= Eurybus of Athens =

Eurybus of Athens (Εὔρυβος Ἀθηναῖος) was an ancient Greek athlete listed by Eusebius of Caesarea as a victor in the stadion race of the 27th Olympiad (672 BC). His name is also referred as Eurybates or Eurybotos and possibly Eurybotas elsewhere in Pausanias, both of the latter two have been anglicised to "Eurybotus" by editors, although elsewhere the distinction is preserved. He was the second winner from Athens preceded only by Pantacles.
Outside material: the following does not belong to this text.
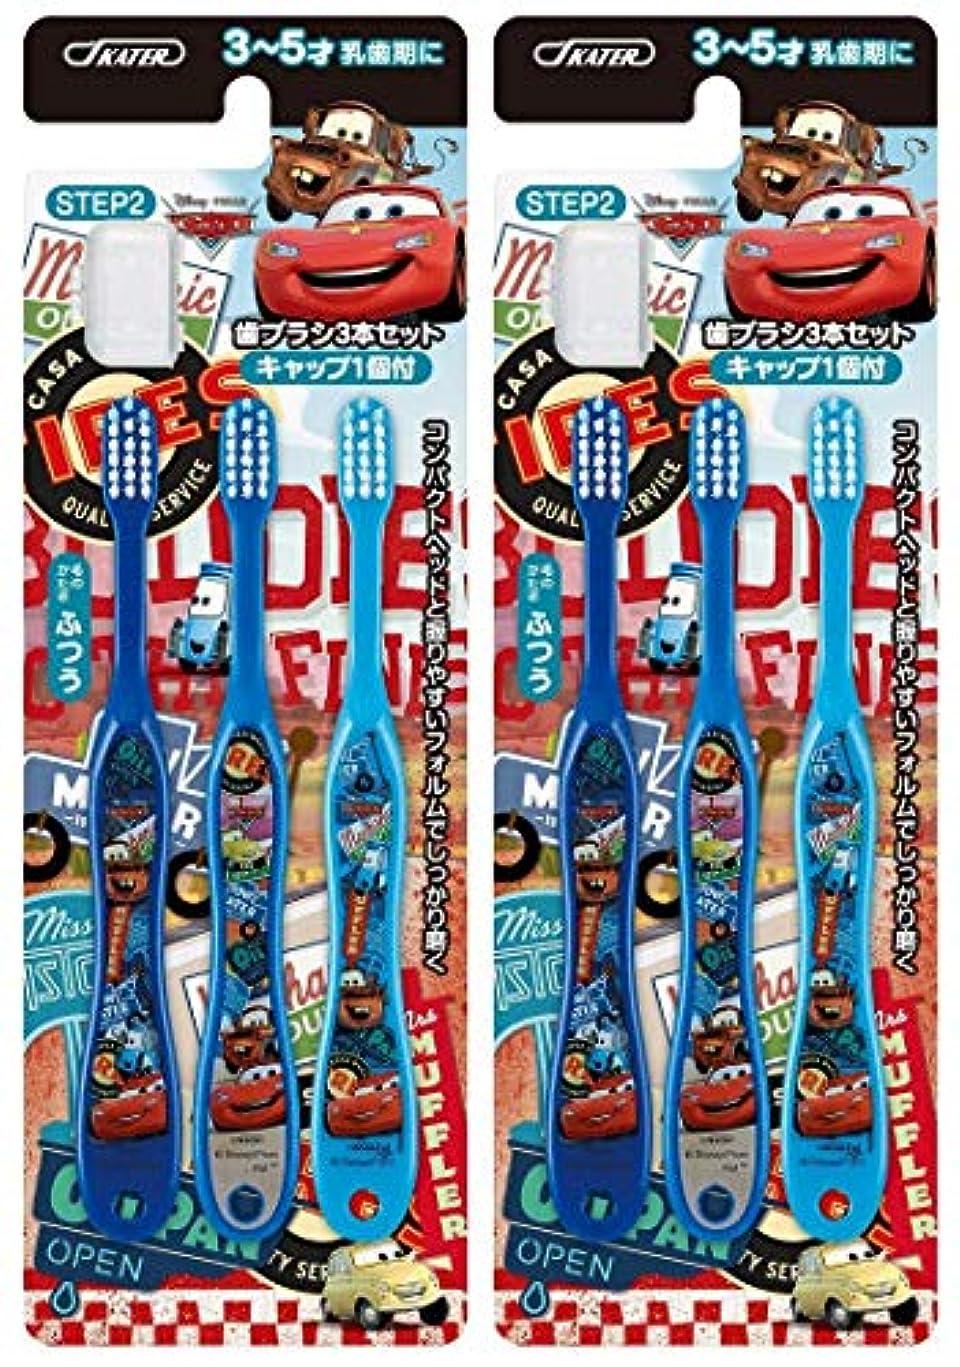 授業料ライトニングディスコスケーター 歯ブラシ 園児用 3-5才 普通 6本セット (3本セット×2個) カーズ 14cm TB5T

Eurybus was quite possibly the noted discobole Eurybotas depicted on the Chest of Cypselus, which was left as a votive offering at Olympia and was still visible there centuries later and was subject to a detailed description by Pausanias. He does not explicitly say that this discus-thrower Eurybotas is the same as the runner Eurybotos; however, the transcriptions of named personages on the chest as given by Pausanias show Doricisms and traces of having been rendered in the epichoric Corinthian alphabet. Pausanias reports a legend that the infant Cypselus was hidden in the chest during an assassination attempt and later took his name from it (as the Corinthians called these chests kypselai); however, Cypselus's childhood (he died in 627 BC after a thirty-year reign begun when fully adult) coincides with the known date of Eurybatos' stadion victory. But Pausanias does not explicitly connect them, saying merely that whoever Eurybotas is, he is throwing the discus. Frazer compares Pausanias description of the chest to extant examples of Corinthian art and dates the chest to the 7th-early 6th century BCE. The depiction is one of the earliest known of a genre that would later be adapted to statuary, the most famous of which is the Discobolus of Myron and its copies.

Dionysius of Halicarnassus calls the race-winner Eurybates, says that the contemporaneous eponymous archon at Athens was Leostratus, and uses his Olympic victory to date the accession of Tullus Hostilius as King of Rome after the death of Numa Pompilius.